From The Washington Ledge, earlier this week (which I missed):
Over the weekend State Sen. Don Benton, R-Vancouver, formally threw his hat in the ring to take on Senator Patty Murray this fall.
A couple of other state GOP lawmakers have also been mentioned as possible candidates. State Rep. Doug Ericksen, R-Ferndale, told me this morning that he plans to run if Dino Rossi doesn't.
Good Lord. I can't even keep track of how many people are actual or potential candidates running or set to run against Murray right now. Fortunately, the Ledge notes that while State Sen.
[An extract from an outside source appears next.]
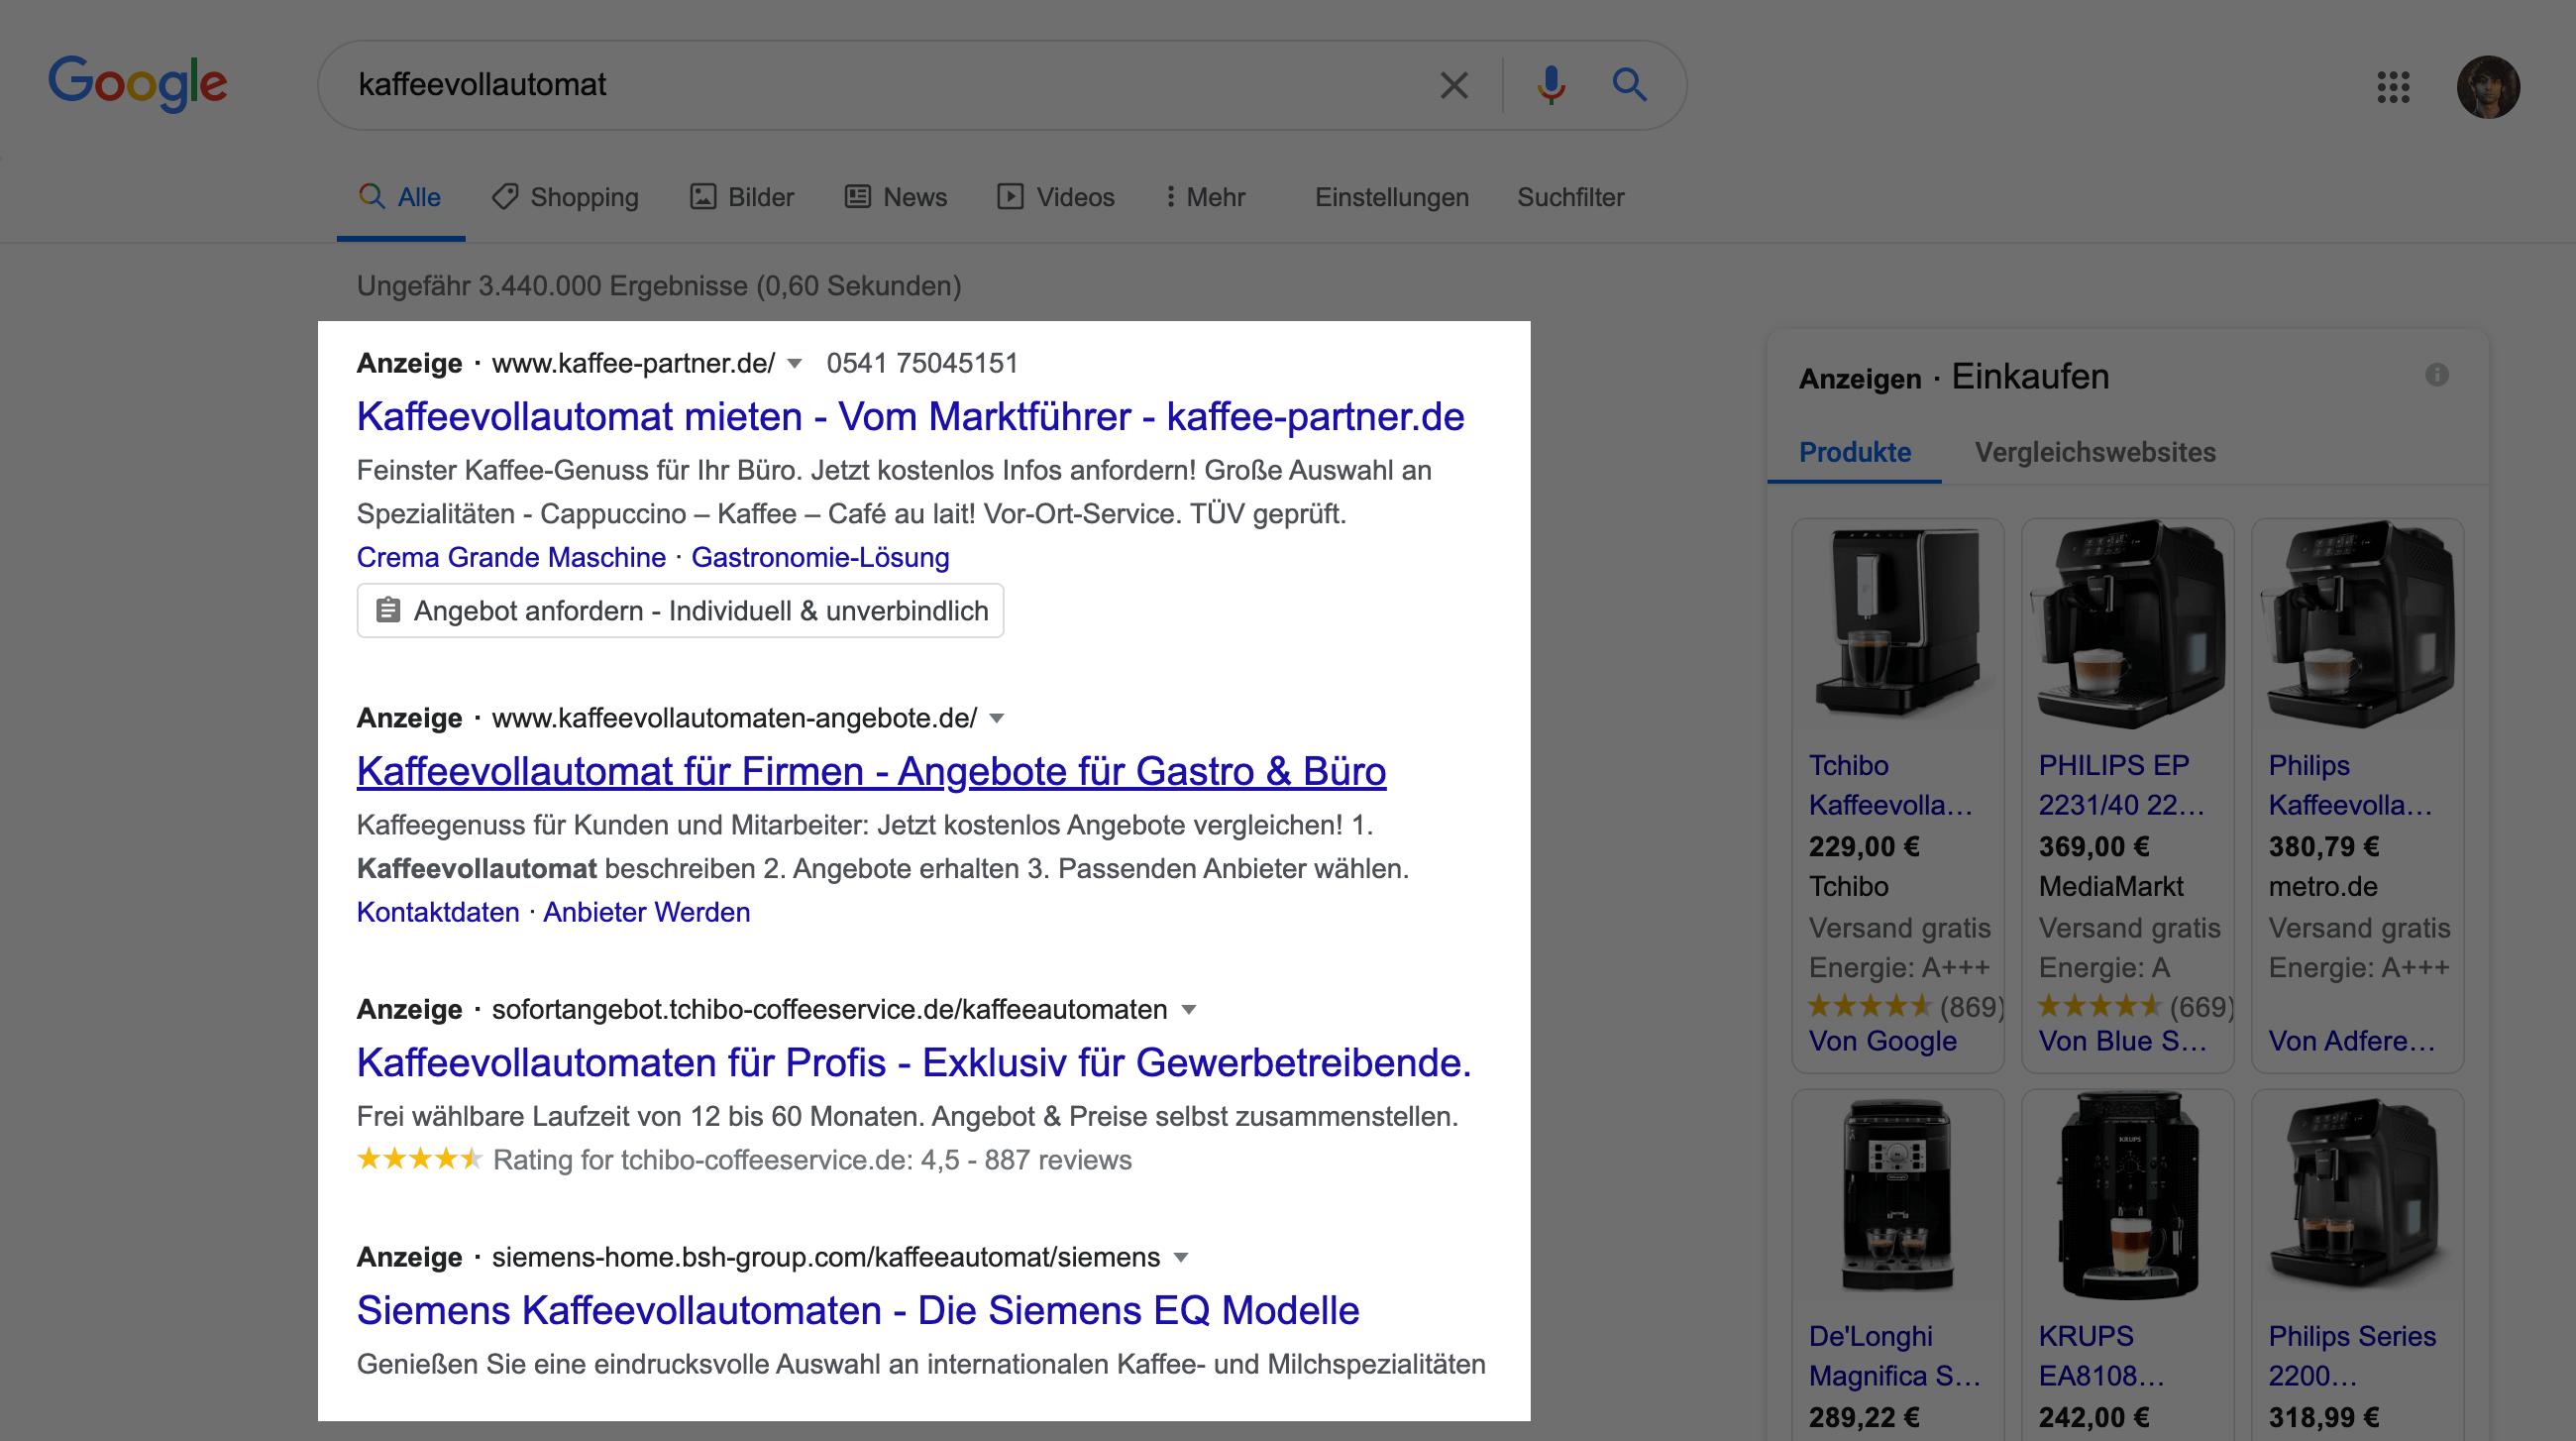 """Zeigt eine Beispiel-Suchergebnisseite auf Google für den Suchbegriff """"kaffeevollautomat"""" an. Die ersten vier Treffer sind hier Anzeigen."""

Linda Evans Parlette says she's been asked to run, she's more interested in running for governor.
Washington State Republican Party Chairman Luke Esser seems to think this is all a good thing. I have to say, I beg to differ. Right now, it doesn't seem to me that Washington's Republicans are terribly far off from having a potential ten people kicking the living crap out of each other for the prize second place in Washington's top two primary while Murray coasts towards the finish line. And second place could be achieved with a relatively small proportion of the vote from which reaching 50% plus one could be a very long reach in what will in practice be a very short period of time (Washington has an August primary).
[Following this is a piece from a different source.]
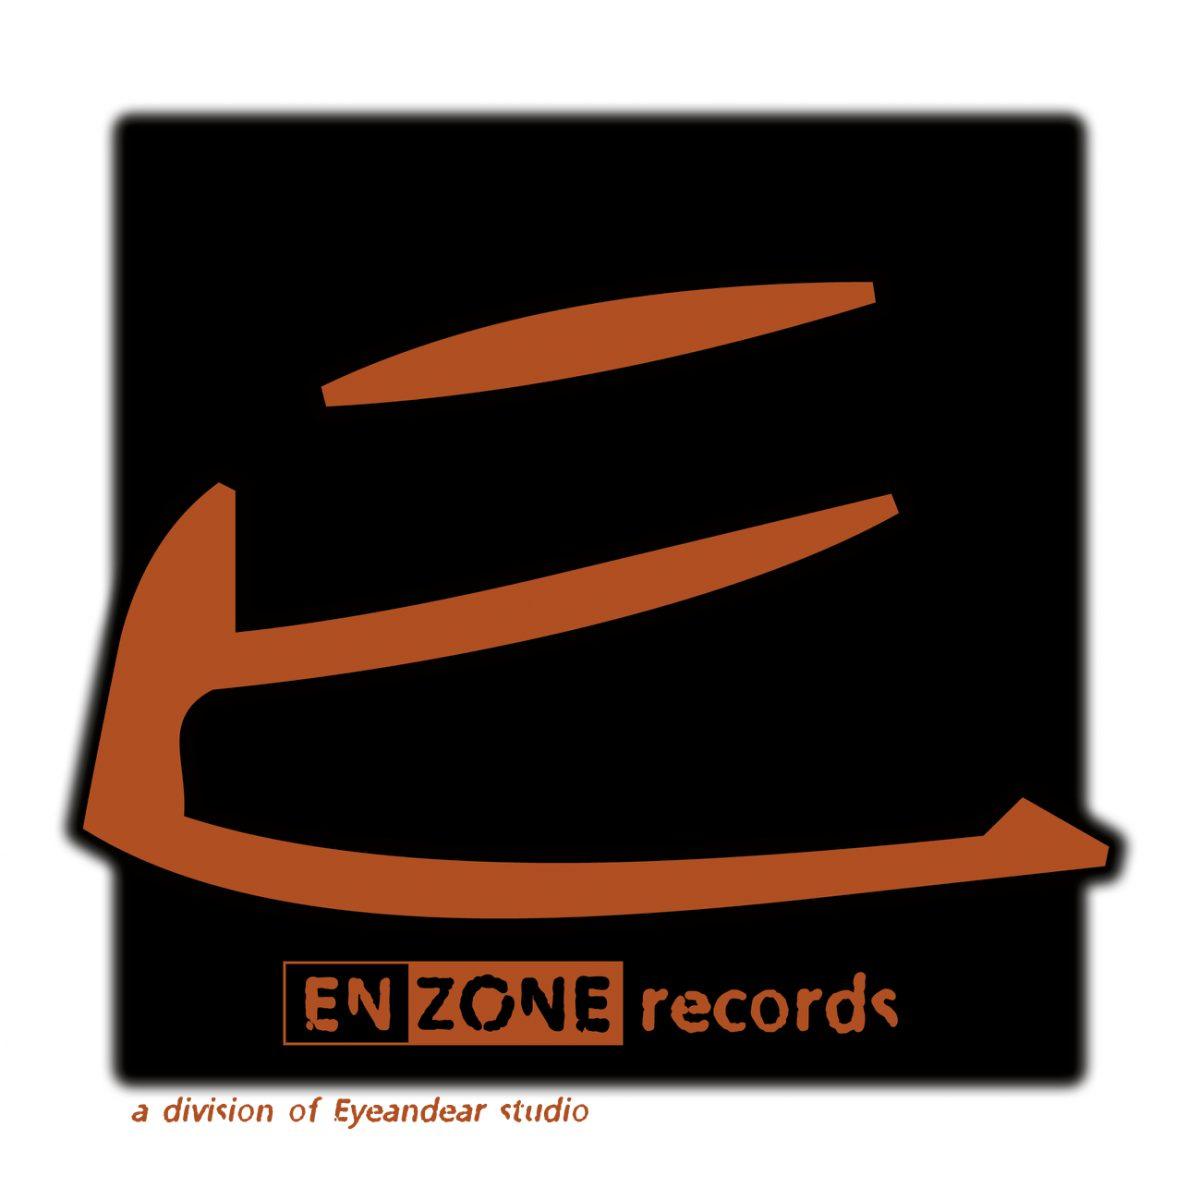 Etichette discografiche indipendenti: EnZone Records

I don't want to suggest I think Esser's crazy, but I will admit... I'm not 100% sure where he's coming from on this. I do agree with him that Washington Republicans previously fielding well-financed incumbent congressmen (and women) with notable institutional support to run against Murray has not worked out too well. That said, I guess my question to Esser would be, doesn't that suggest the smarter move might be to field an "outsider" candidate, maybe someone from a world other than politics altogther, rather than favoring a glut of Republicans getting into the race and potentially bloodying each other up and doing the DSCC's dirty work for it, without that committee being forced to spend a dime (which, it bears noting, would itself be a dime not spent in a state like Florida, Pennsylvania, Illinois, New Hampshire, or Colorado, all of which will be hotly contested but are in my opinion at this stage winnable by a Republican).
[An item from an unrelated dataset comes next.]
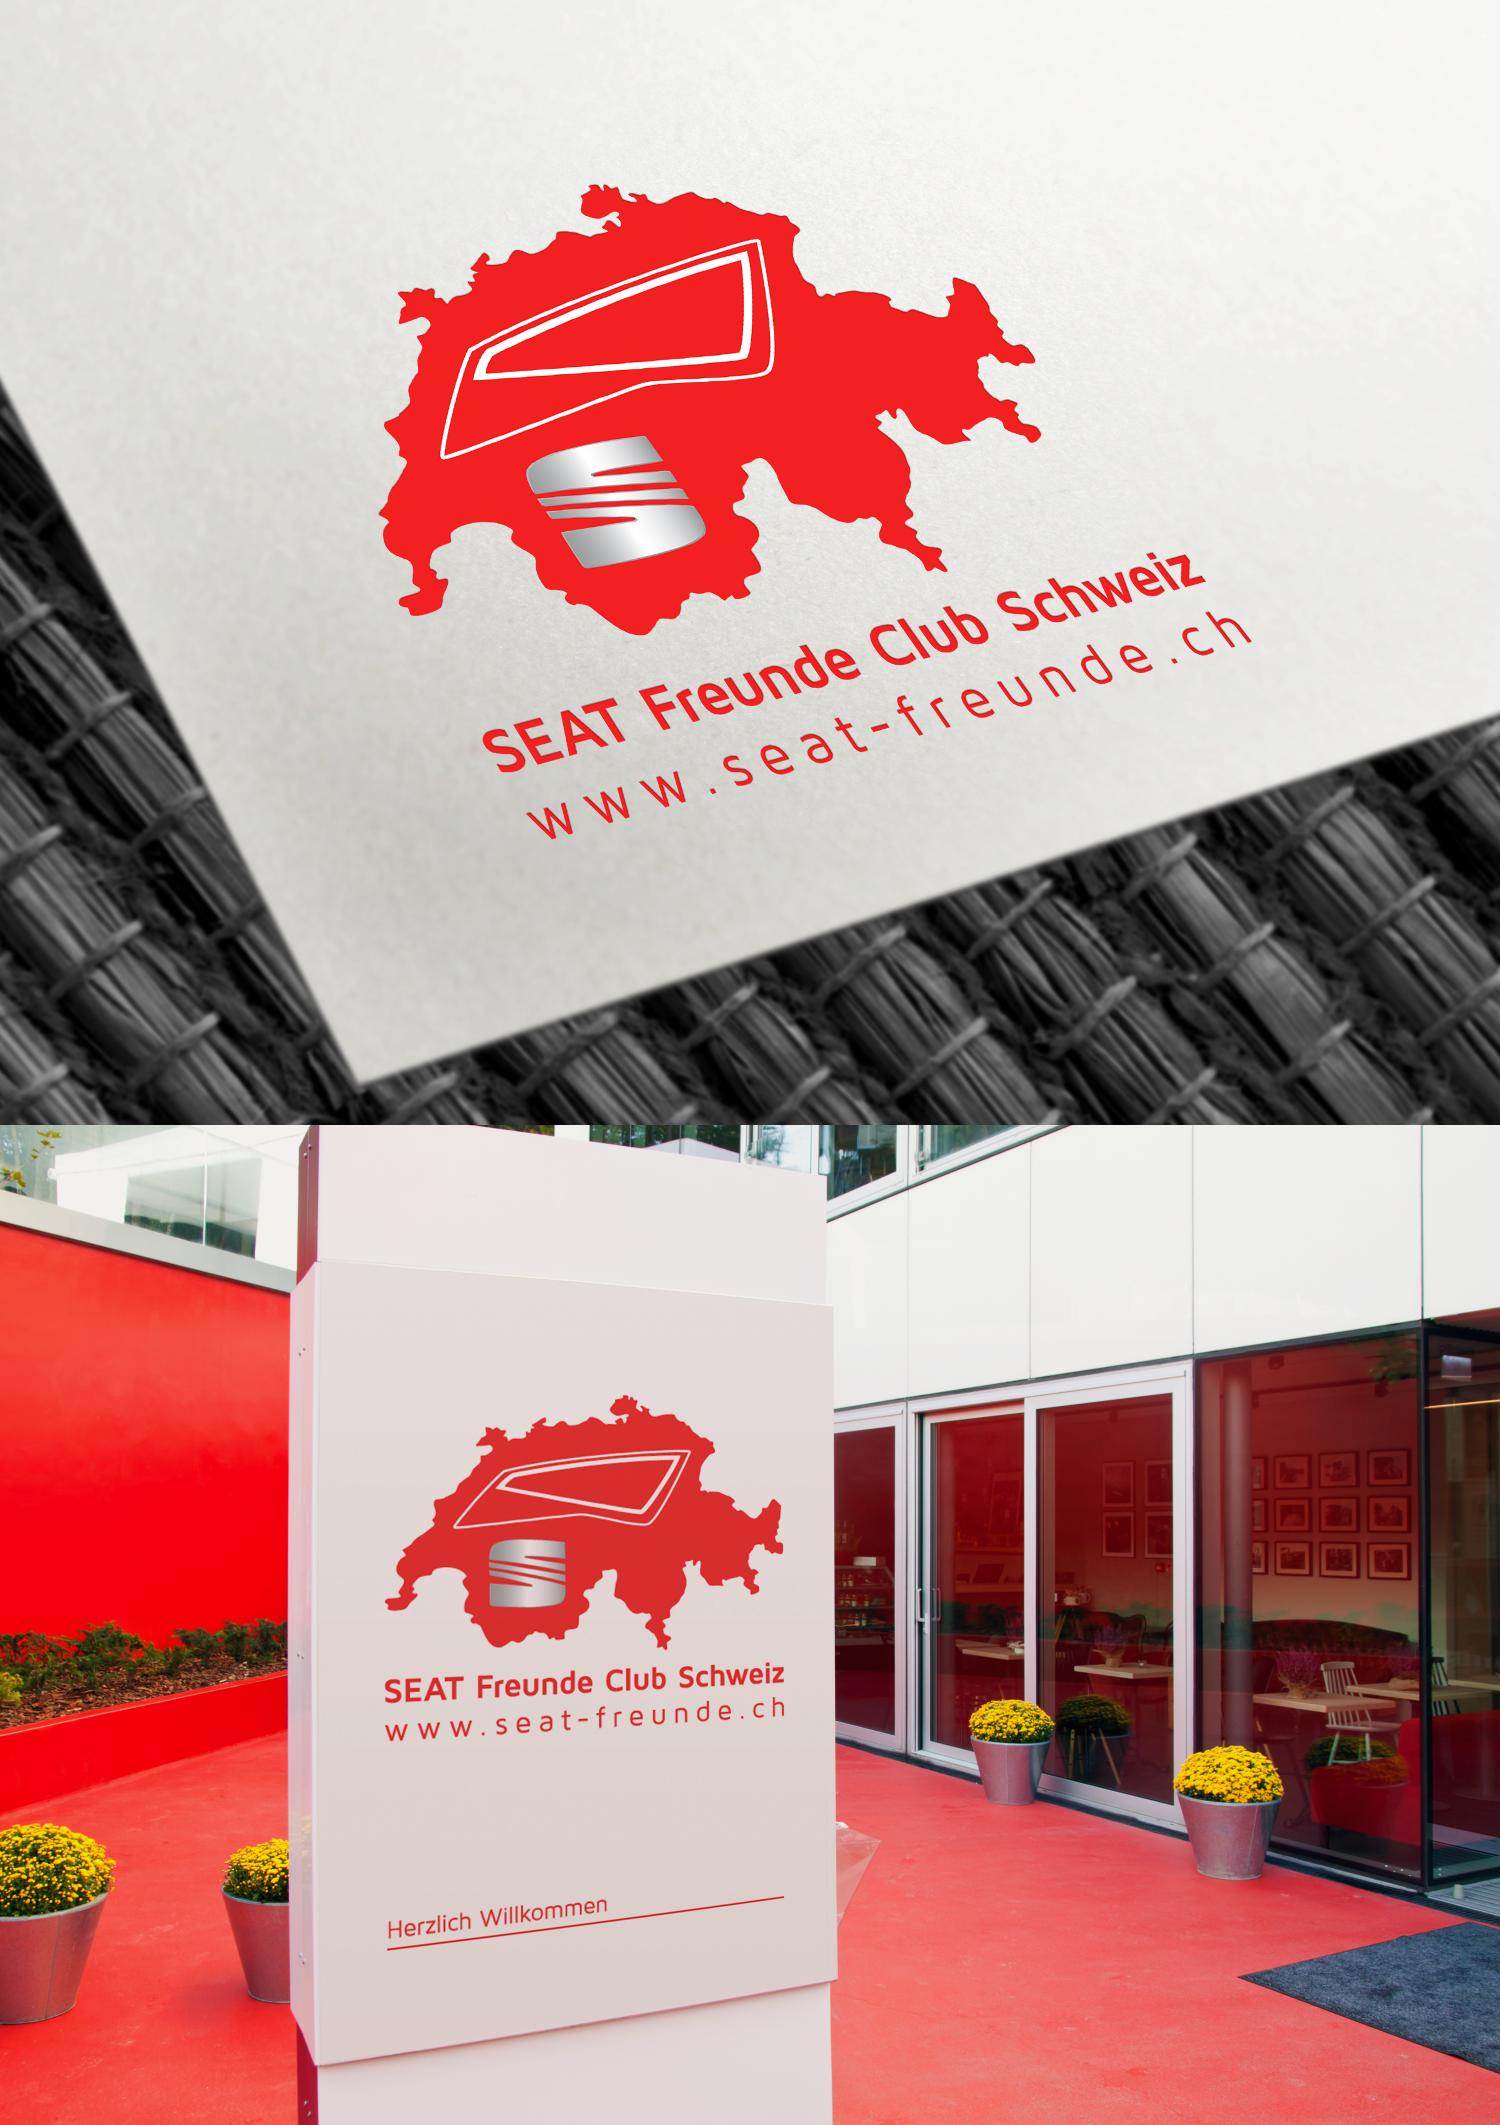 design #59 of DesignCacee

Not that I'd argue that Esser is well-advised as Chairman to be engineering elections, hand-picking some candidates, and weeding out others willy-nilly, employing heavy-handed authoritarian tactics as and when needed. But it seems like some of those in a position to help develop a Republican bench might help the party out more, overall, by, well, working with what looks like a potential glut of talent to, you know, develop a bench. There are a lot of offices in Washington in which we could use a good Republican who is enthusiastic about serving and making a difference. That need is not confined to Patty Murray's U.S. Senate seat. Kudos to Linda Evans Parlette for realizing as much. [intro]
Editorial note: I leave California off my list simply because I'm involved in that race, which (it will surprise no one to learn) I do believe is winnable.